England’s cost-effectiveness watchdogs are influential arbiters in the drug-reimbursement world. Other countries often look to the National Institute for Health and Care Excellence when making their own decisions about which drugs to cover.
They’re also notoriously tough on expensive cancer drugs.
Consider NICE’s latest draft guidance: The agency says it’s not inclined to cover Opdivo, the Bristol-Myers Squibb immuno-oncology treatment, for non-small cell lung cancer.
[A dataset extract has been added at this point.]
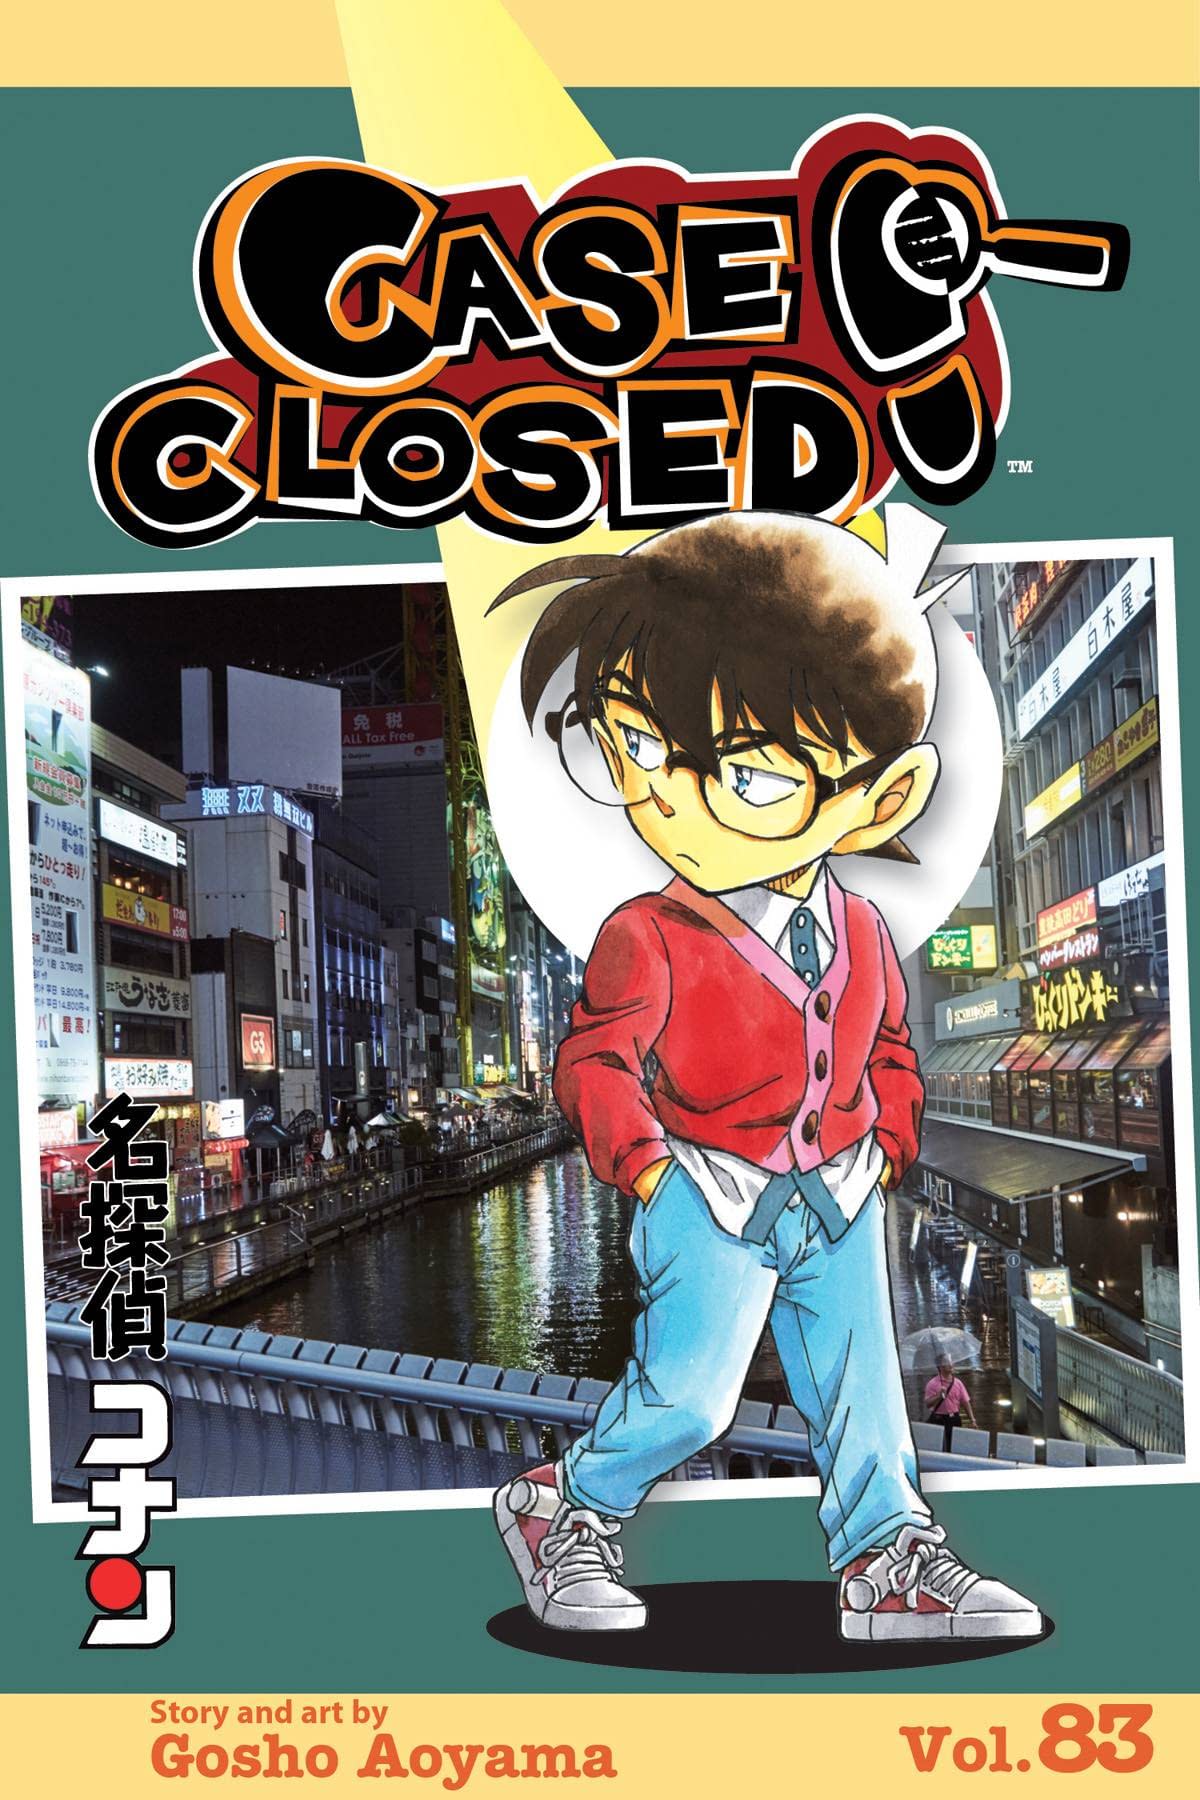 ICv2: NYCC: Viz Announces 'Yashahime' Manga, New Junji Ito Collection

The med has some solid effectiveness data backing its use, including overall survival results that reportedly impressed the FDA into approving it ahead of schedule.
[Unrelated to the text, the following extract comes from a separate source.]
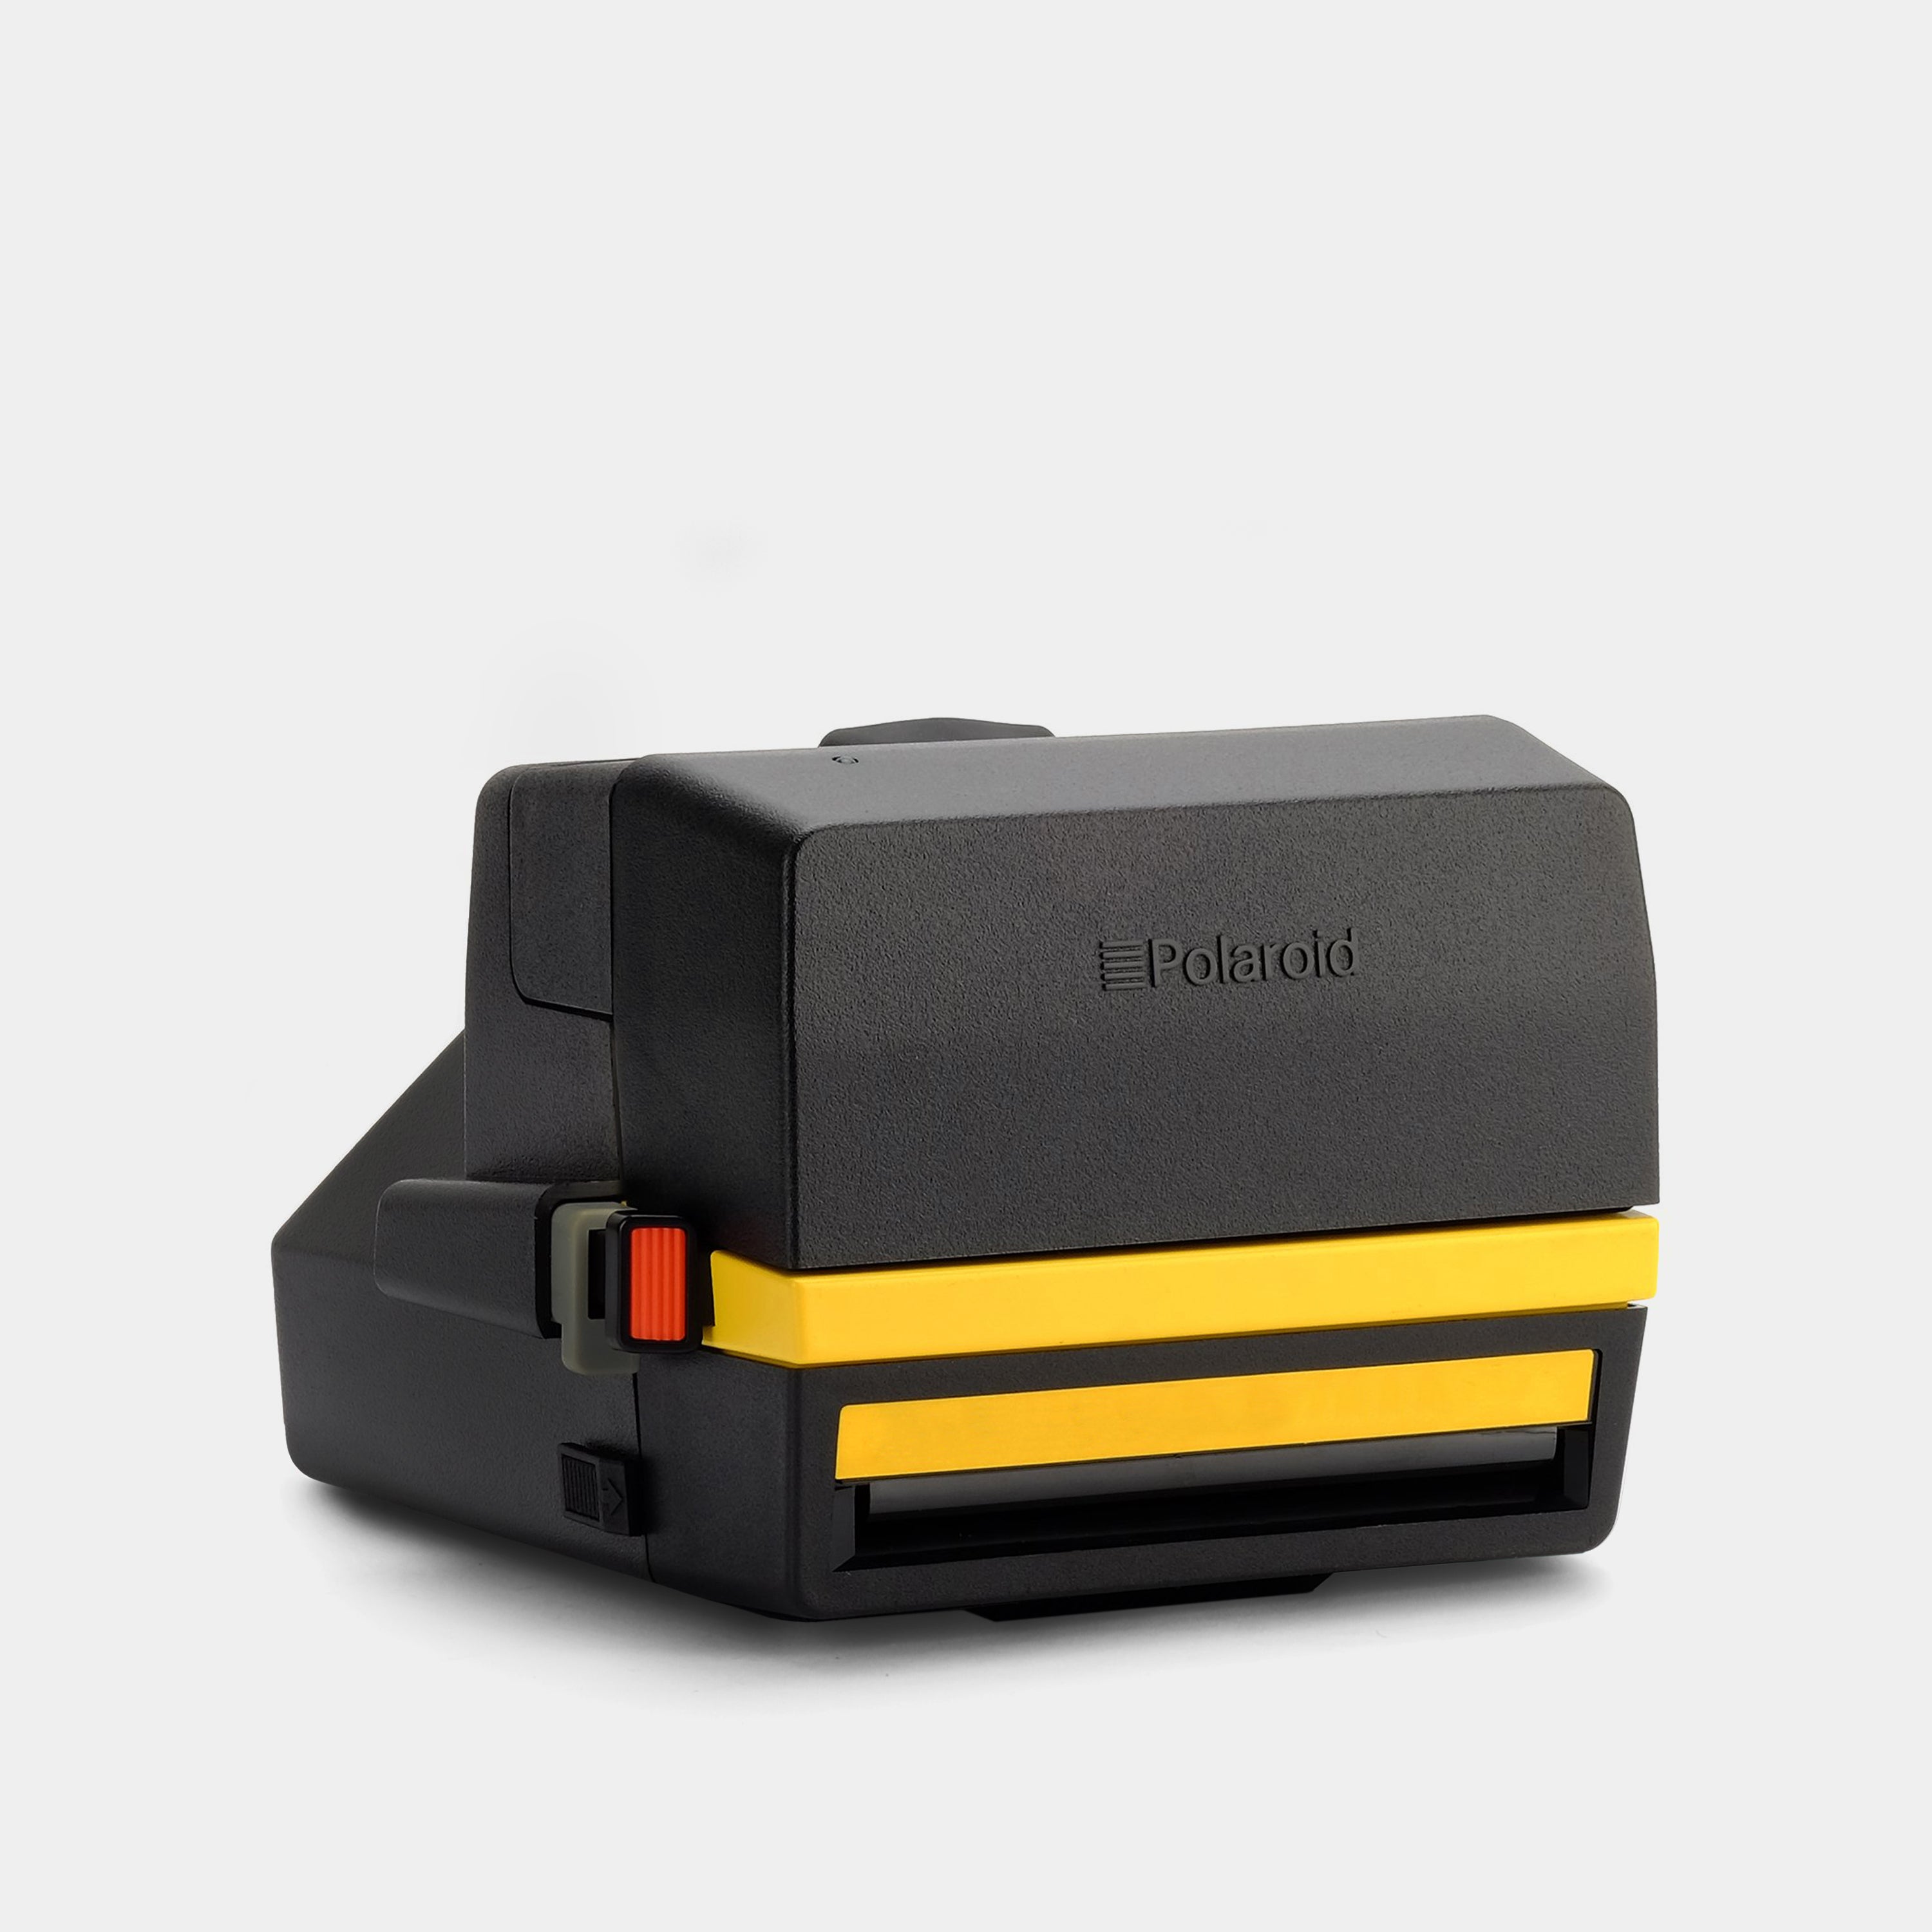 Polaroid 600 Job Pro Instant Film Camera

Indeed, in its appraisal documents, NICE acknowledged that Opdivo was better at extending patients’ lives than standard treatment with docetaxel, and that Opdivo came with fewer side effects than chemotherapy treatments. The agency said that treatment options for NSCLC patients who’ve failed on prior therapy are few.
Bristol-Myers also offered a cost-sharing deal: England’s National Health Service would pay for 26 weeks of treatment, or about £31,000 ($45,000). The next 26 weeks, if needed, would be covered by the company.
Still, NICE considered Opdivo too expensive for the benefits it confers. When its cost is calculated alongside its survival advantage over docetaxel, Opdivo cost £91,100 per quality-adjusted life year (QALY), which is a common measure of cost-effectiveness, the agency said.
The upshot? Opdivo is a “clinically-effective treatment option” for previously treated patients with NSCLC, but “the committee did not recommend nivolumab as a cost-effective use of NHS resources.”
This is a draft guidance, and NICE will be collecting comments on its assessment through June 3. NICE has recommended Opdivo for advanced melanoma. Its head-to-head competitor, Merck & Co.’s Keytruda, is also recommended for melanoma, and has not yet been assessed by NICE in lung cancer.